**Task statement:**
Please transcribe the data that follows without the pictures, keeping every word the same.

**Data section:**
((

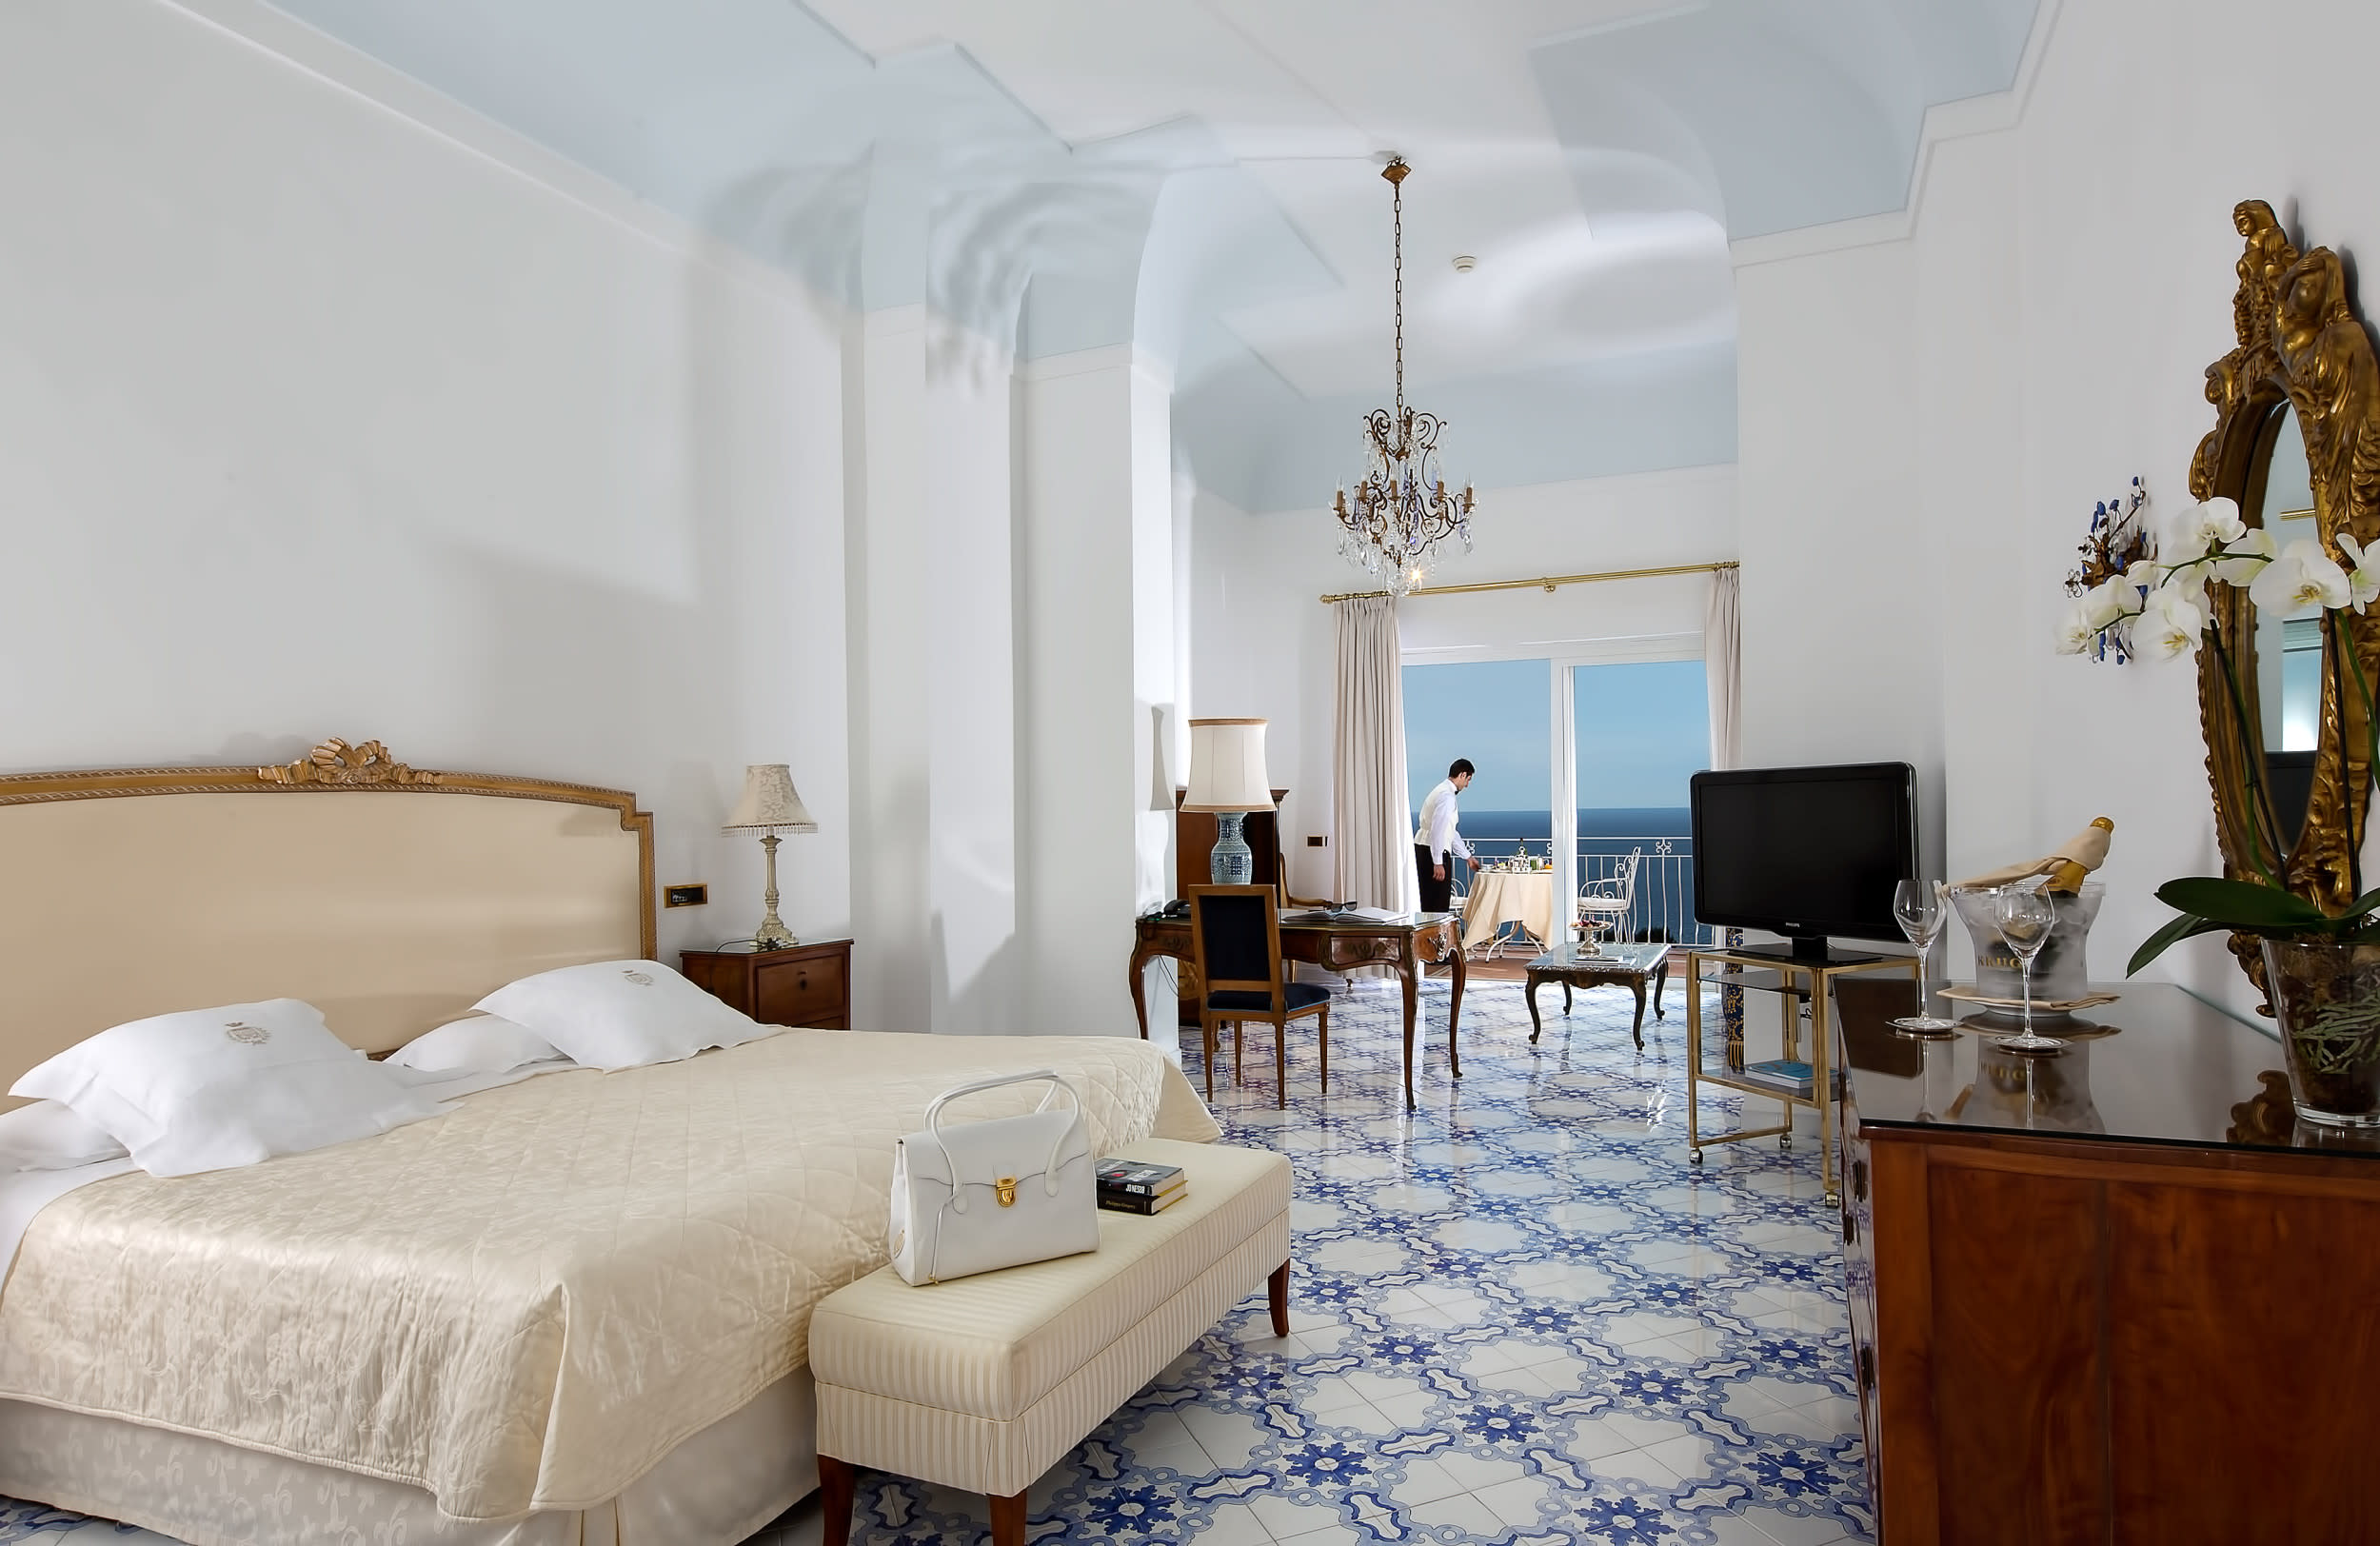 9 Best Hotels in Southern Italy - Grand Hotel Quisisana
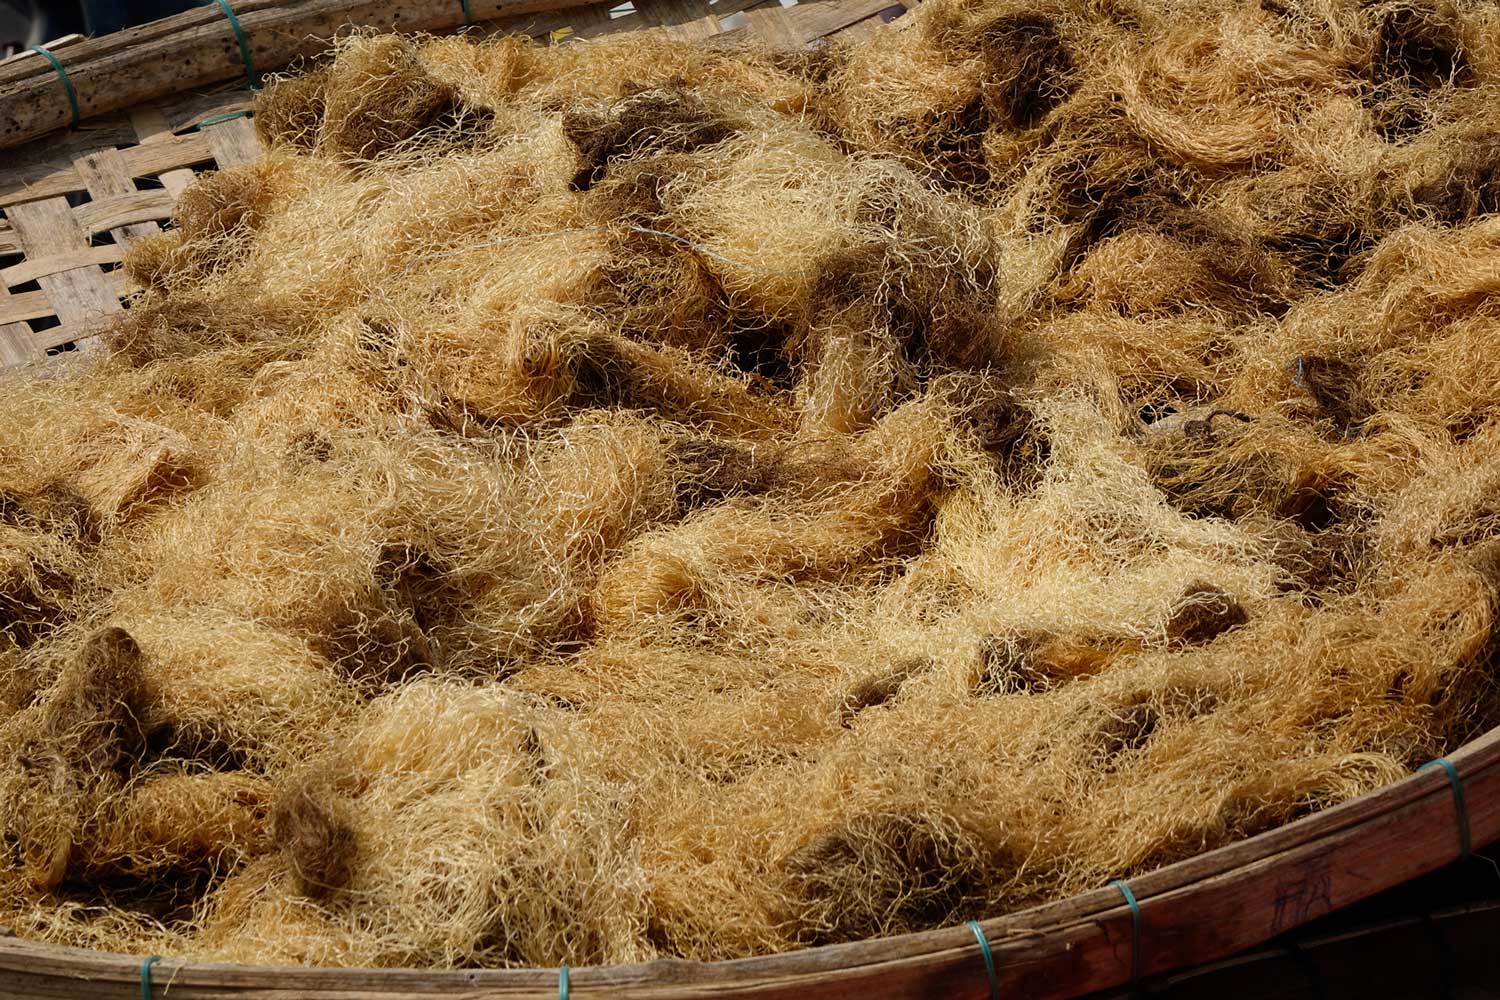 Sun dried rice noodles in Hoi An
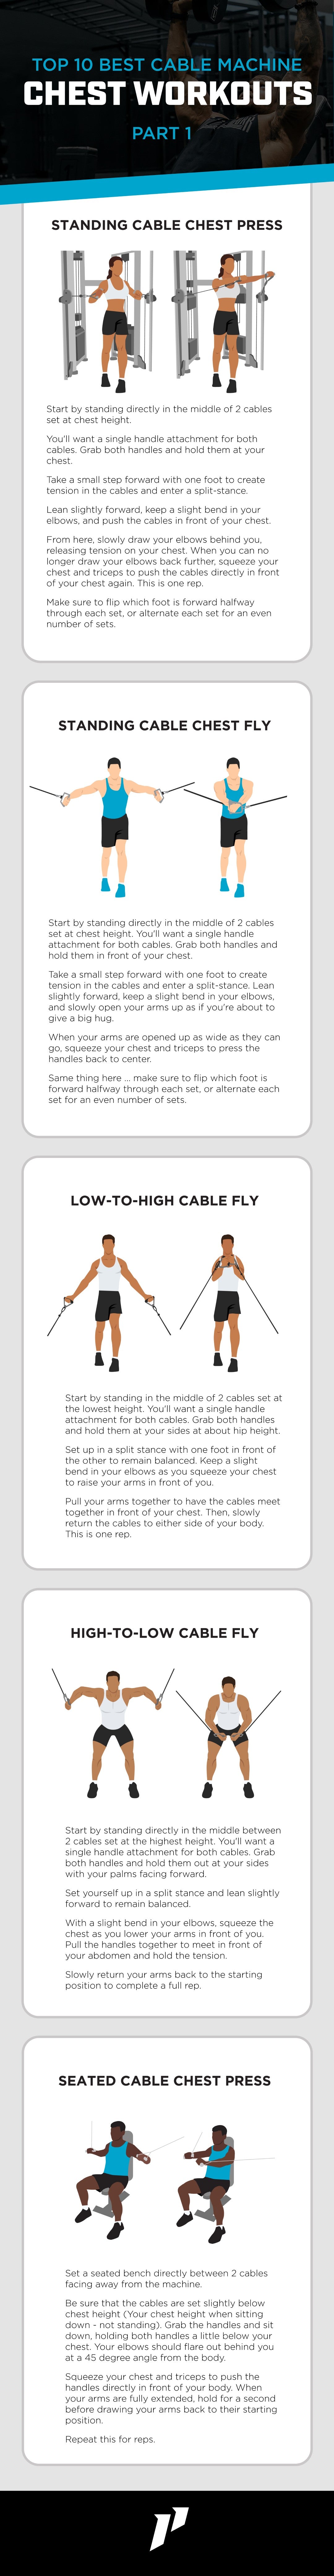 The 10 Best Cable Machine Chest Workouts

))

**Task result:**
 9 Best Hotels in Southern Italy - Grand Hotel Quisisana
 Sun dried rice noodles in Hoi An
 The 10 Best Cable Machine Chest Workouts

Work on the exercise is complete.